▸ **EXERCISE GOAL**
Your answer should be the lines below from the one holding "Weißes T-Shirt mit" through the one holding "Bones (Série), Sinopse, Trailers", copied exactly and with nothing else.

====== GIVEN DATA ======

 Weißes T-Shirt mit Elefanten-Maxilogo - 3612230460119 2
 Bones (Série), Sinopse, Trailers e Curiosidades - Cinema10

======
====== GIVEN DATA ======

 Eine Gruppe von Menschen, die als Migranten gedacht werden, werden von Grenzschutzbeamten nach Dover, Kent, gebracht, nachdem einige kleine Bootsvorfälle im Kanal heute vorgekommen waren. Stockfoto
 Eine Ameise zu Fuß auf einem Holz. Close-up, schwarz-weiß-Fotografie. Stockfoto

======
====== GIVEN DATA ======

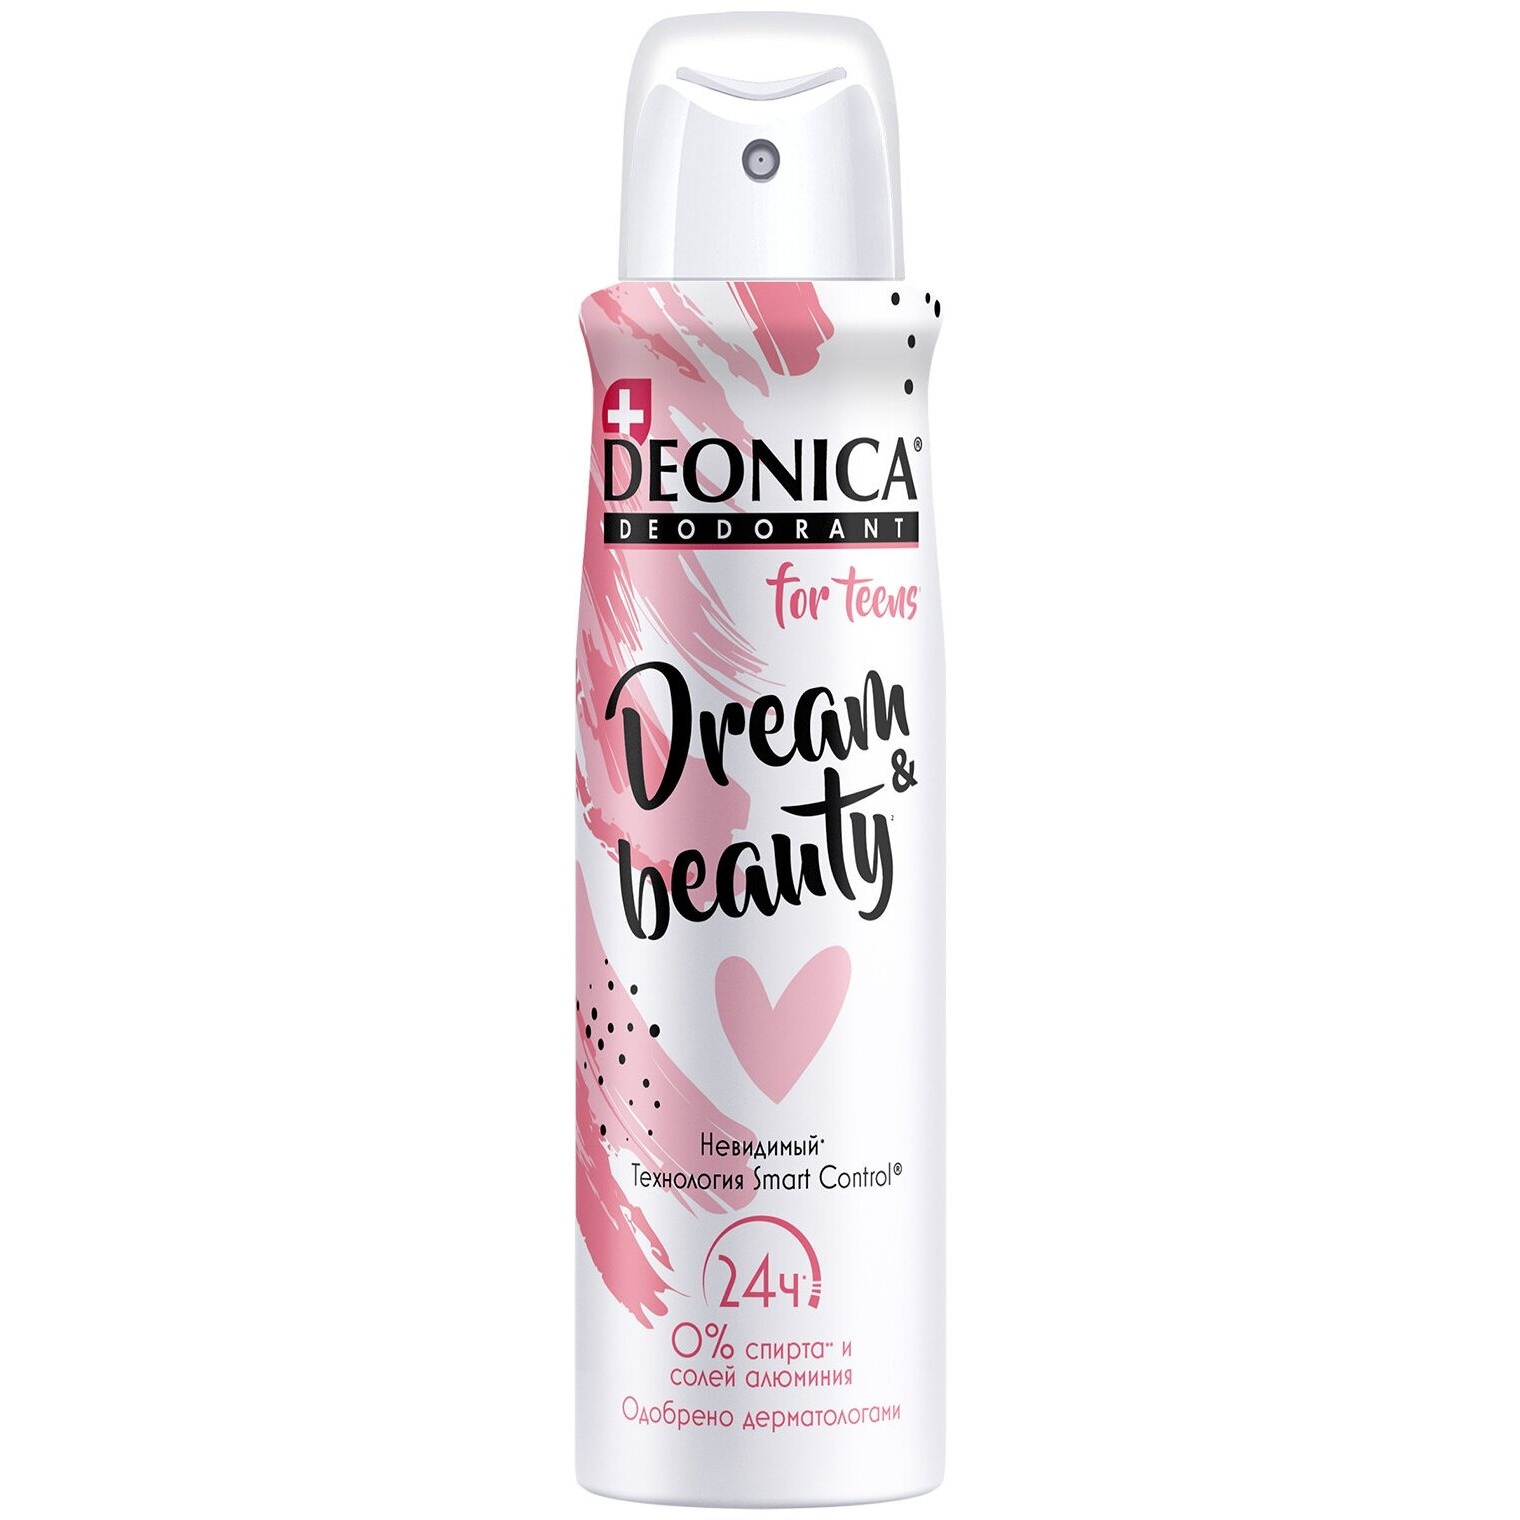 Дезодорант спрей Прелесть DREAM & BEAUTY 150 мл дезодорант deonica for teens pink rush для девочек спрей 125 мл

======

▸ **EXERCISE SOLUTION**
 Weißes T-Shirt mit Elefanten-Maxilogo - 3612230460119 2
 Bones (Série), Sinopse, Trailers e Curiosidades - Cinema10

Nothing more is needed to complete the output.